**Task item:**
Repeat the listing that follows, character for character, minus the pictures.

**Supplied information:**
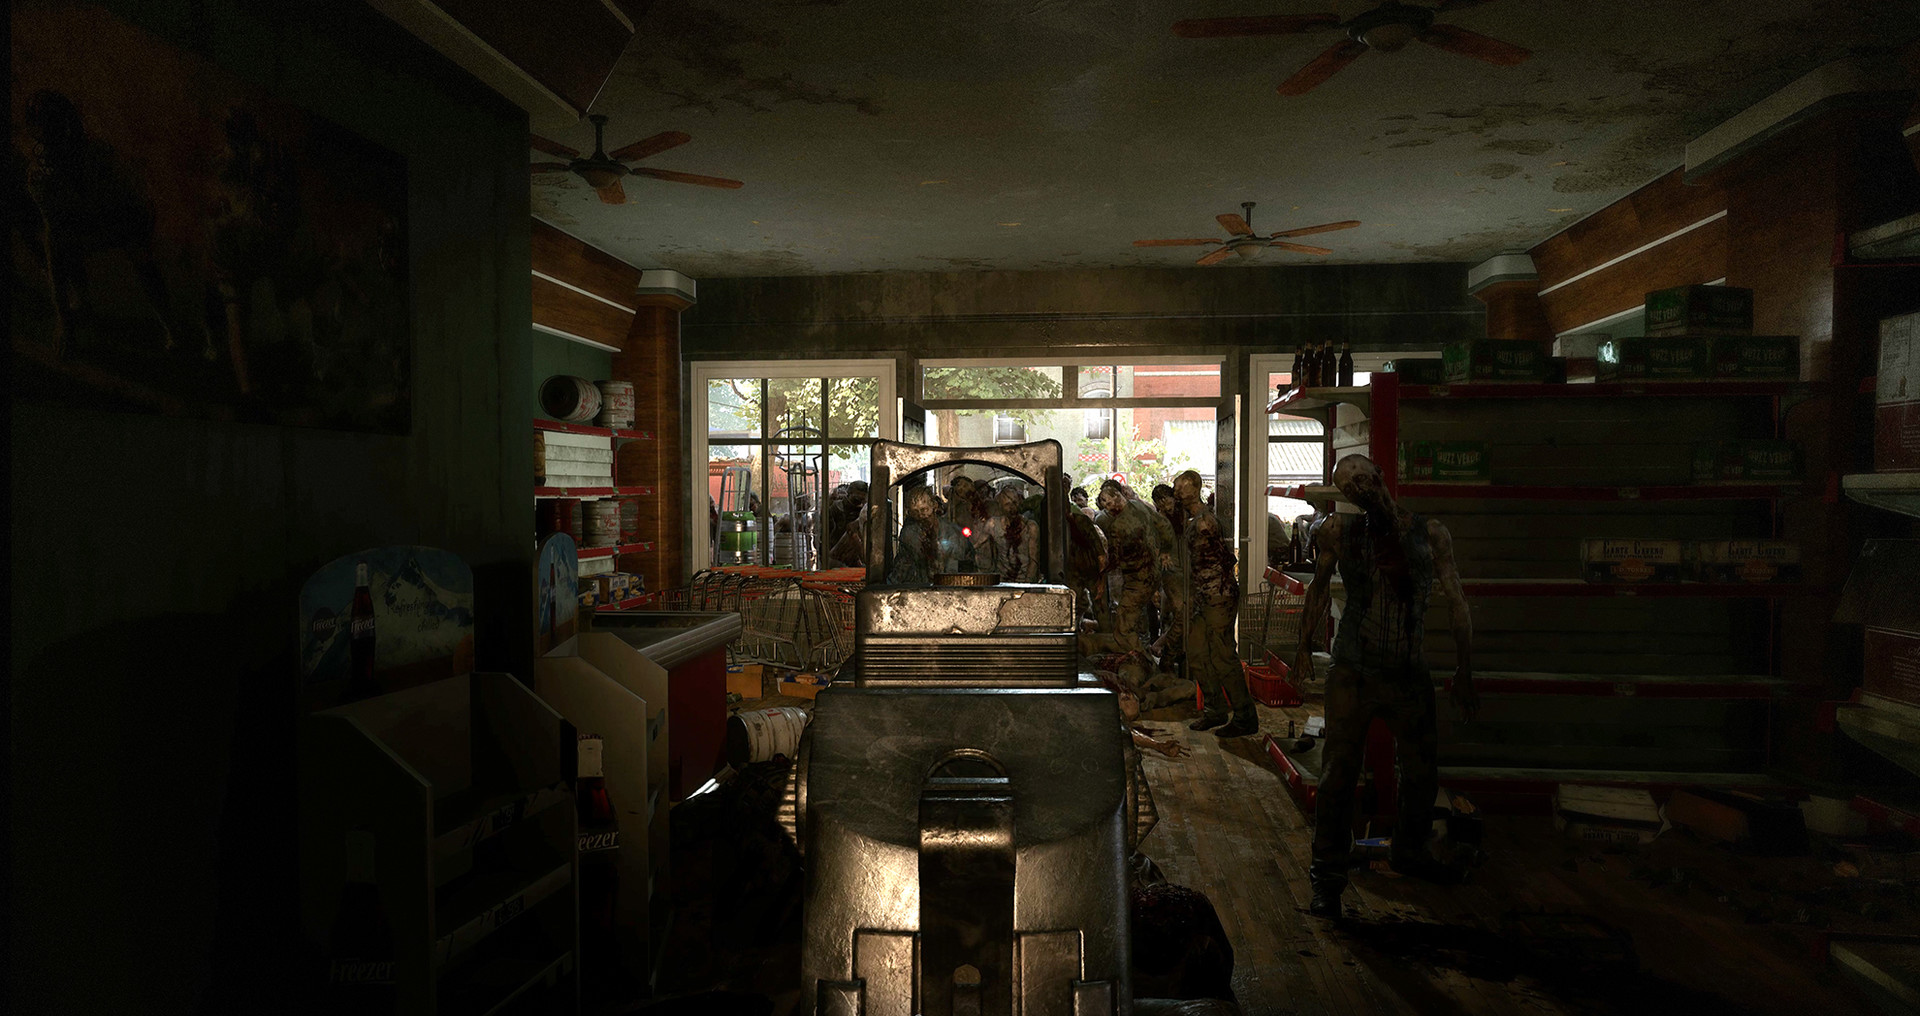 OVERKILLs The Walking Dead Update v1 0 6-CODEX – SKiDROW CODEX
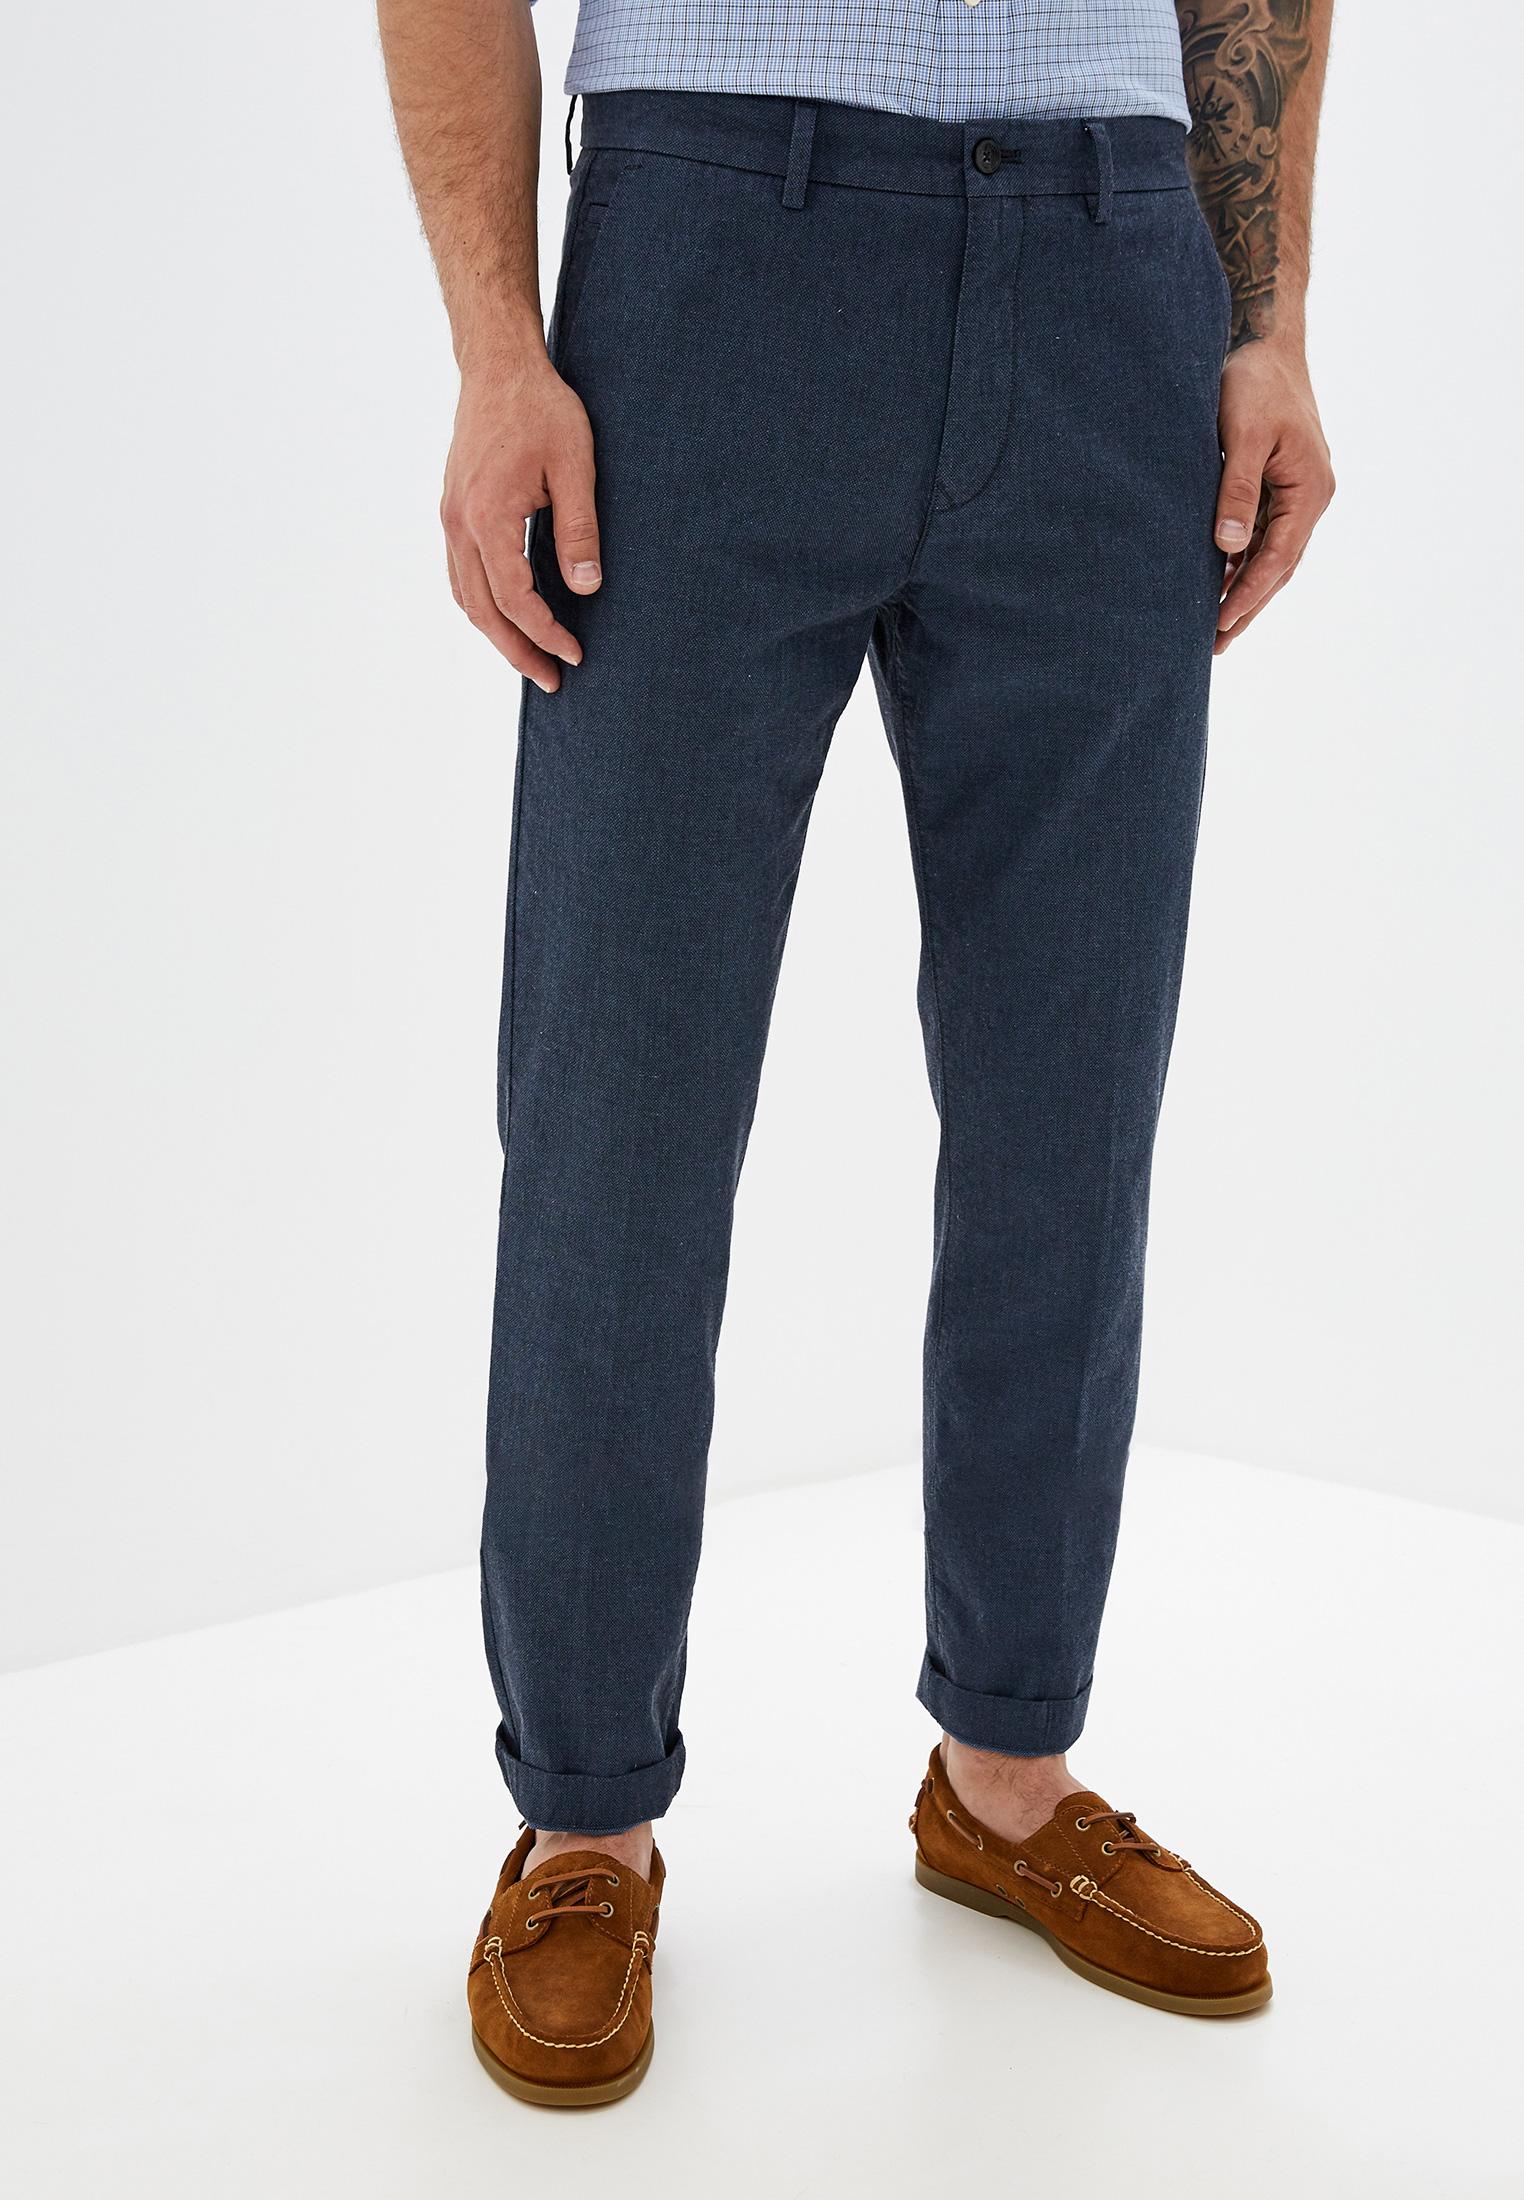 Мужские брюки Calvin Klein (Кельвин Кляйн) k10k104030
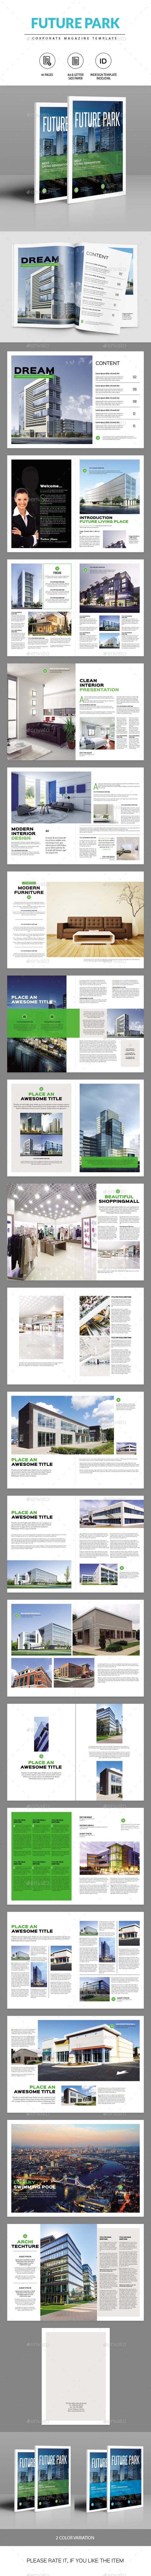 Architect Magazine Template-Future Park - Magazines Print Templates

**Solution for this task:**
 OVERKILLs The Walking Dead Update v1 0 6-CODEX – SKiDROW CODEX
 Мужские брюки Calvin Klein (Кельвин Кляйн) k10k104030
 Architect Magazine Template-Future Park - Magazines Print Templates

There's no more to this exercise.